### LISTED ENTRIES
◇ ◇ ◇ ◇ ◇ ◇ ◇

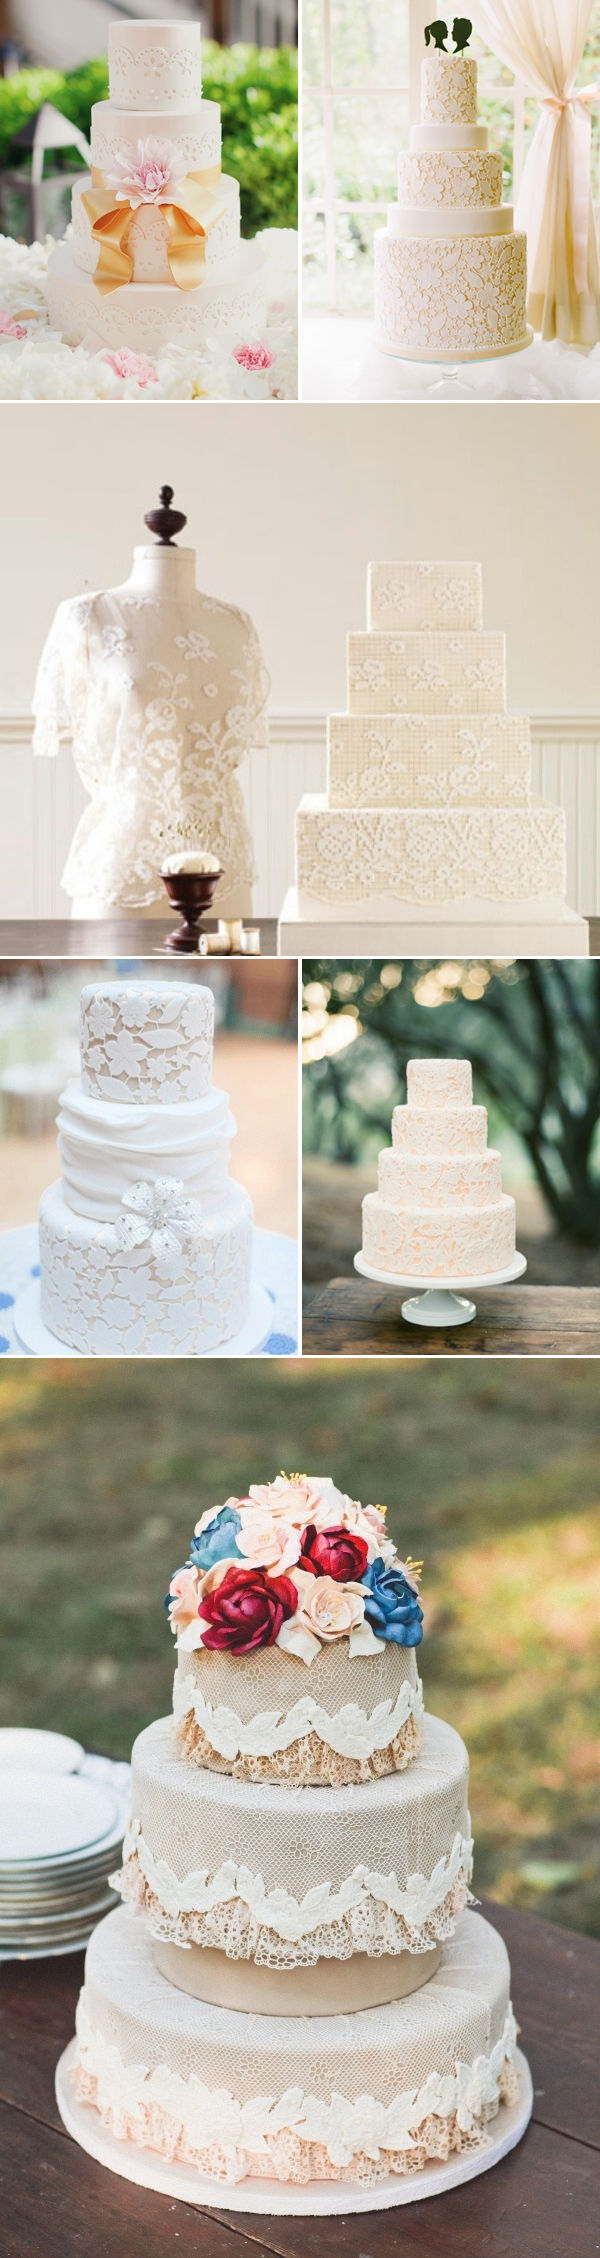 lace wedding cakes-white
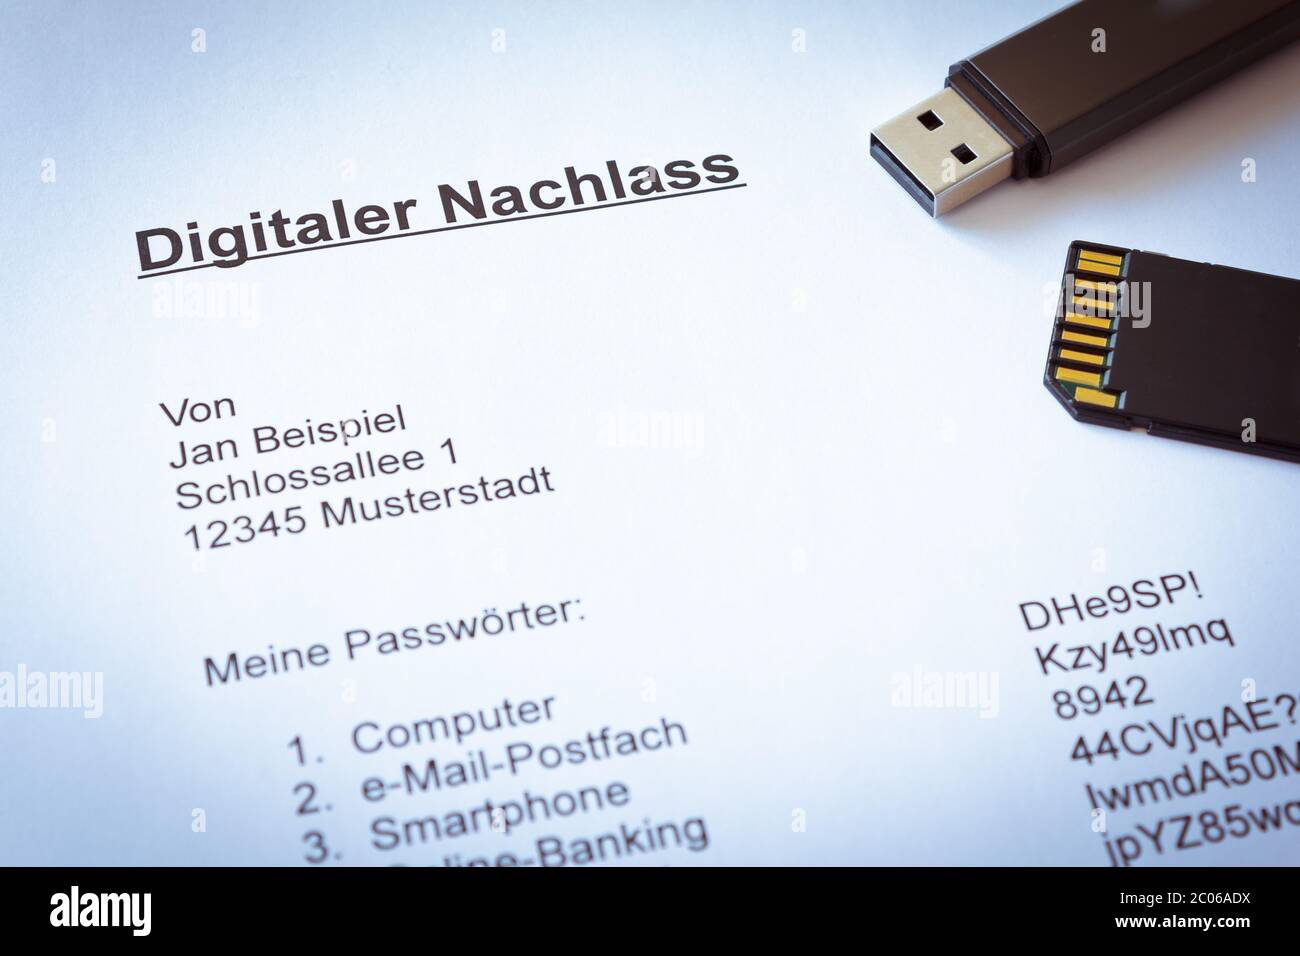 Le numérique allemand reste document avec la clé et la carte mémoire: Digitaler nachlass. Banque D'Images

◇ ◇ ◇ ◇ ◇ ◇ ◇

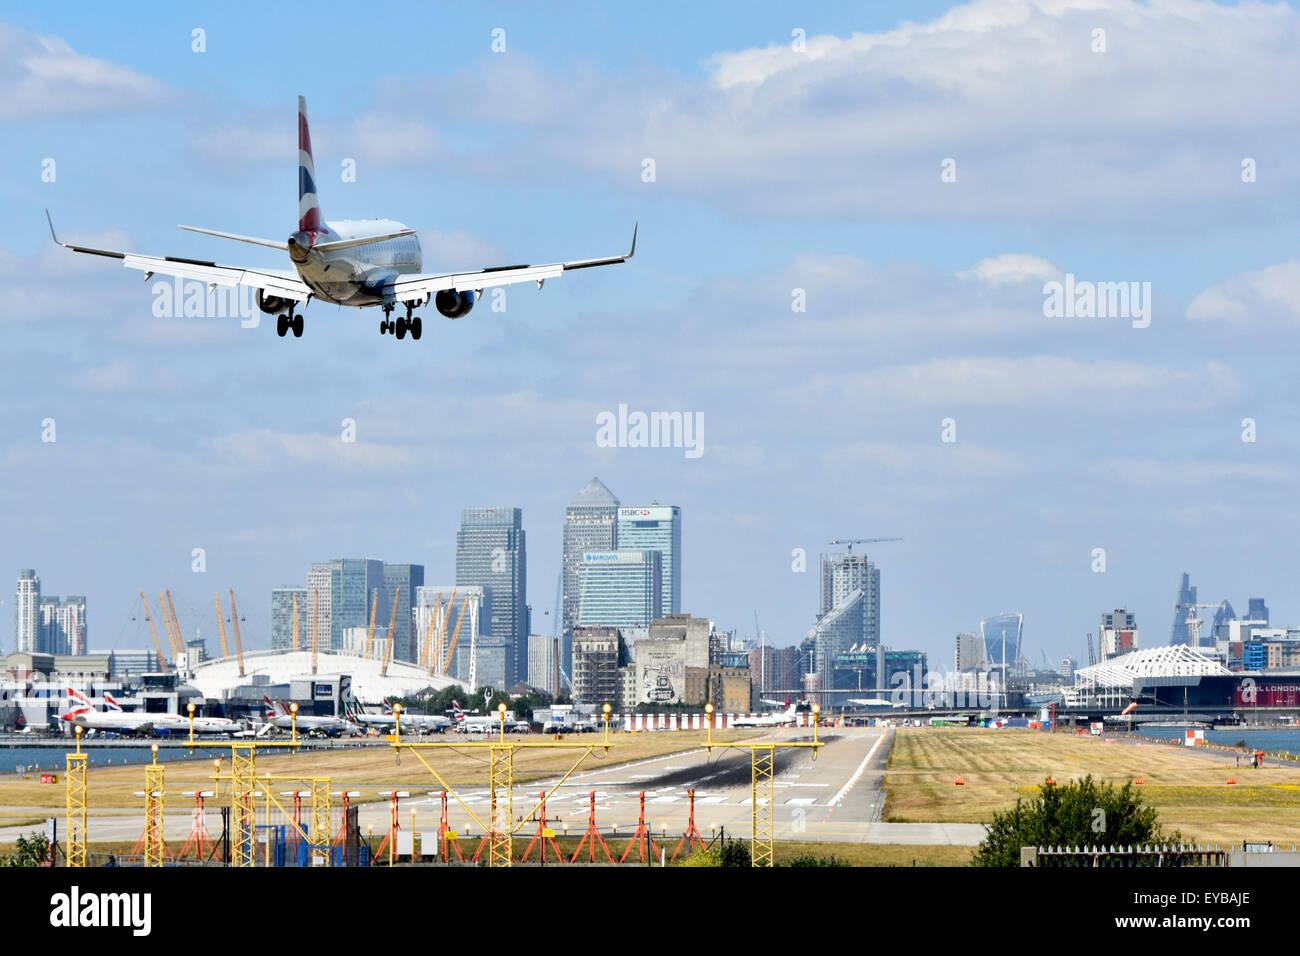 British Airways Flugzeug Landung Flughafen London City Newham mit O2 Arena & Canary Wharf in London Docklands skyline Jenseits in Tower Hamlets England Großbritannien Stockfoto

◇ ◇ ◇ ◇ ◇ ◇ ◇

### PROBLEM DESCRIPTION
Going by the entries above, repeat exactly the lines that start at the line with "lace wedding cakes-white" and go on through the line with "Le numérique allemand". Pictures are not part of the copy.

### REPLY TO THE TASK
 lace wedding cakes-white
 Le numérique allemand reste document avec la clé et la carte mémoire: Digitaler nachlass. Banque D'Images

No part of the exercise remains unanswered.